The processor 110 may be an integrated circuit chip having signal processing capabilities. In implementation, the steps of the above method may be performed by integrated logic circuits of hardware or instructions in the form of software in the processor 110. The Processor 110 may be a general-purpose Processor, and includes a Central Processing Unit (CPU), a Network Processor (NP), and the like; the device can also be a Digital Signal Processor (DSP), an Application Specific Integrated Circuit (ASIC), a Field-Programmable Gate Array (FPGA) or other Programmable logic device, a discrete Gate or transistor logic device, or a discrete hardware component. The various methods, steps and logic blocks disclosed in the embodiments of the present invention may be implemented or performed. A general purpose processor may be a microprocessor or the processor may be any conventional processor or the like. The steps of the method disclosed in connection with the embodiments of the present invention may be directly implemented by a hardware decoding processor, or implemented by a combination of hardware and software modules in the decoding processor. The software module may be located in ram, flash memory, rom, prom, or eprom, registers, etc. storage media as is well known in the art. The storage medium is located in the memory 111, and the processor 110 reads the information in the memory 111 and completes the steps of the method in combination with the hardware thereof.
In addition, in the description of the embodiments of the present invention, unless otherwise explicitly specified or limited, the terms "mounted," "connected," and "connected" are to be construed broadly, e.g., as meaning either a fixed connection, a removable connection, or an integral connection; can be mechanically or electrically connected; they may be connected directly or indirectly through intervening media, or they may be interconnected between two elements. The specific meanings of the above terms in the present invention can be understood in specific cases to those skilled in the art.

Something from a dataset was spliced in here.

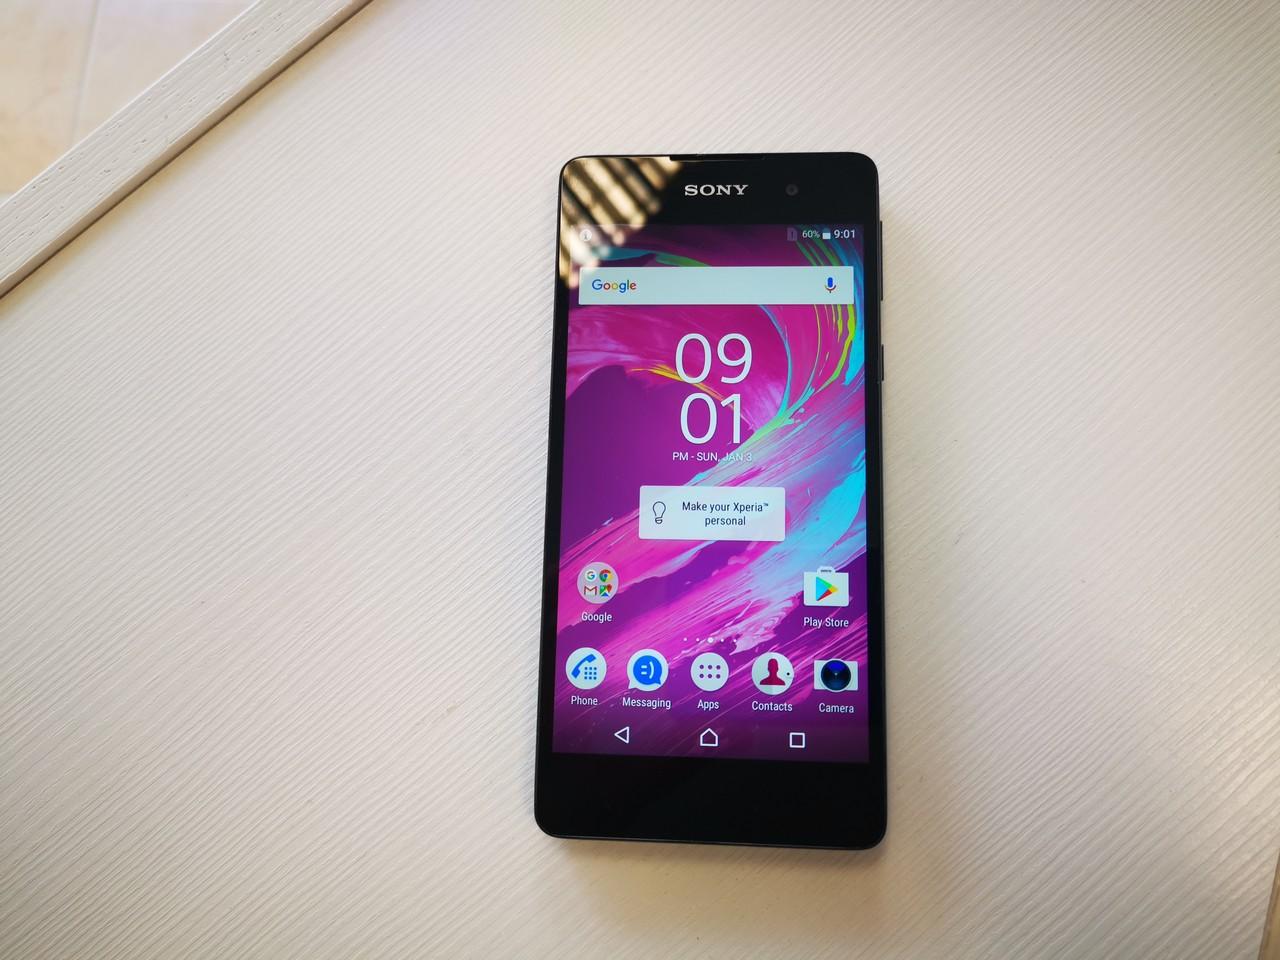 картинка Naudotas Sony Xperia E5 su 4G Lte от магазина Одежда+

In the description of the present invention, it should be noted that the terms "center", "upper", "lower", "left", "right", "vertical", "horizontal", "inner", "outer", etc., indicate orientations or positional relationships based on the orientations or positional relationships shown in the drawings, and are only for convenience of description and simplicity of description, but do not indicate or imply that the device or element being referred to must have a particular orientation, be constructed and operated in a particular orientation, and thus, should not be construed as limiting the present invention. Furthermore, the terms "first," "second," and "third" are used for descriptive purposes only and are not to be construed as indicating or implying relative importance.
It is clear to those skilled in the art that, for convenience and brevity of description, the specific working processes of the above-described systems, apparatuses and units may refer to the corresponding processes in the foregoing method embodiments, and are not described herein again.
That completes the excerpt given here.